Review fixes for experimental streaming transcription by gr2m · Pull Request #16560 · vercel/ai

gr2m · 2026-07-01T22:09:45Z

Background

Follow-up to #16338 with fixes for the issues found during review. Targets the PR branch so the changes can be reviewed/merged into the feature PR before it lands on main.

Summary

Correctness

experimental_streamTranscribe now pipes the model stream through a TransformStream instead of eagerly draining it inside ReadableStream.start(). This preserves consumer backpressure (previously every part of a long live session was buffered in memory regardless of consumer pace) and propagates fullStream cancellation to the model stream (previously a for await … break left the pump running, rejected all result promises with an internal TypeError, and never cancelled the provider stream).
The OpenAI and xAI doStream streams define cancel() handlers: cancelling closes the WebSocket and stops reading the audio stream. Previously the connection and the audio-sending loop kept running (connection leak, continued audio upload/billing).
xAI STT error events are now terminal and surface the actual server message. Previously the error was only enqueued as a stream part; when the server then closed the socket the caller got an unrelated AI_NoTranscriptGeneratedError, and when it didn't, result.text hung forever.
OpenAI no longer enqueues an error part immediately before controller.error() — erroring a stream resets its queue, so the part was discarded unless a read was pending at that exact moment.
Result promises that already resolved (e.g. warnings at stream-start) no longer flip to rejected when the stream fails later; only pending promises are rejected.
The xAI WebSocket failure message now explains that native WebSocket implementations (browsers, Node.js, Deno, Bun) cannot send the Authorization header xAI requires, and points at createXai({ webSocket }).
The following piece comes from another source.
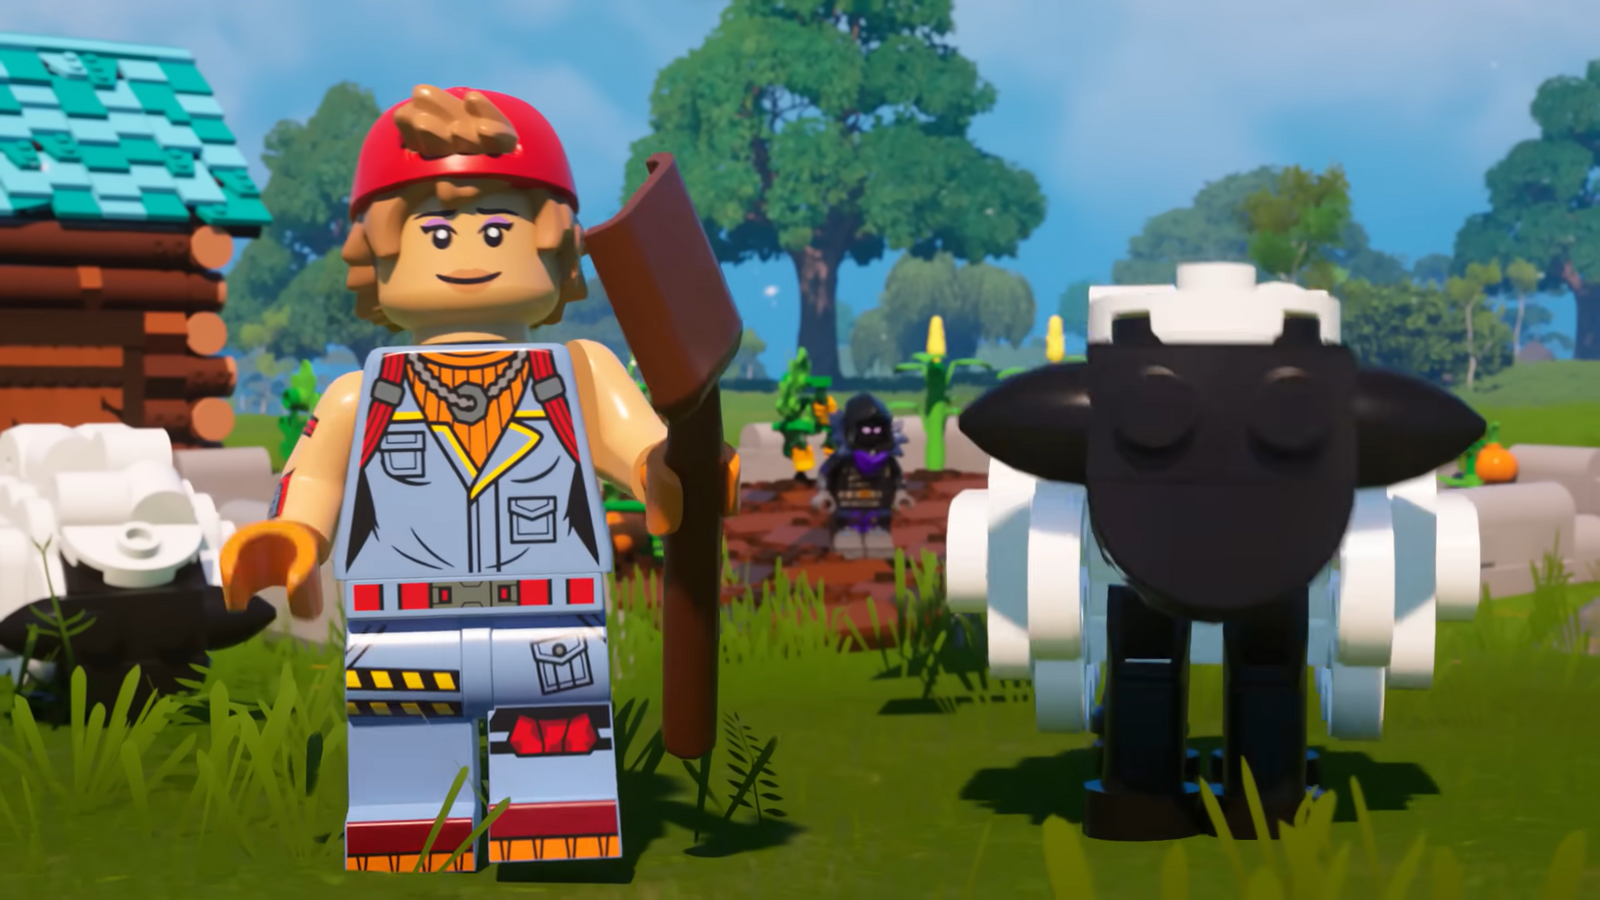 Farmer with a sheep in Lego Fortnite.

Without this, the default path fails with an opaque generic error on every standard runtime.
Dated gpt-realtime-whisper-* snapshot IDs are accepted via prefix match instead of exact-match rejection.
Warnings are emitted for non-streaming OpenAI options that were silently dropped (prompt, temperature, timestampGranularities, include) and for unrecognized inputAudioFormat.type values that xAI silently mapped to raw PCM (garbled transcripts with no diagnostic).
Removed the duplicate transcript-final part xAI emitted for the same utterance on transcript.done (consumers rendered every utterance twice with no way to dedupe).

API surface

The new provider spec stream types are exported as Experimental_TranscriptionModelV4Stream* at the package boundary, matching the Experimental_VideoModelV4/Experimental_RealtimeModelV4 pattern from contributing/project-philosophies.md for experimental spec surfaces. (Open question for maintainers: whether doStream? on the stable TranscriptionModelV4 needs further isolation — see review discussion.)
streamTranscribe is declared unprefixed and aliased to experimental_streamTranscribe at the export seam per contributing/naming-conventions.md.
StreamTranscriptionResult exposes language and durationInSeconds — both were delivered by the providers in the finish part but unreachable through the API (parity with transcribe()).
The UnsupportedFunctionalityError for missing doStream explains the gateway/string-model limitation.
readWebSocketMessageText and toWebSocketUrl moved to @ai-sdk/provider-utils (previously duplicated verbatim in both provider packages).
The new user-facing xAI streaming options use .optional() instead of .nullish() per the provider-options guidance in the repo docs.

Tests, docs, examples

New tests: cancellation propagation (core + both providers), server error events, unsupported-option warnings, dated snapshot IDs, promise settlement semantics, unrecognized audio format warning.
New API reference page for experimental_streamTranscribe (+ index entry) — previously the function had no reference docs.
Capability table corrections: gpt-realtime-whisper does not detect language (the code echoes the user's own language option); note that xAI streaming does not surface word timestamps/diarization/segments.
Examples: examples/ai-functions/src/stream-transcribe/{openai,xai}/basic.ts (self-contained: synthesize PCM via generateSpeech, then stream-transcribe it). Adds ws to the example package for the xAI header requirement.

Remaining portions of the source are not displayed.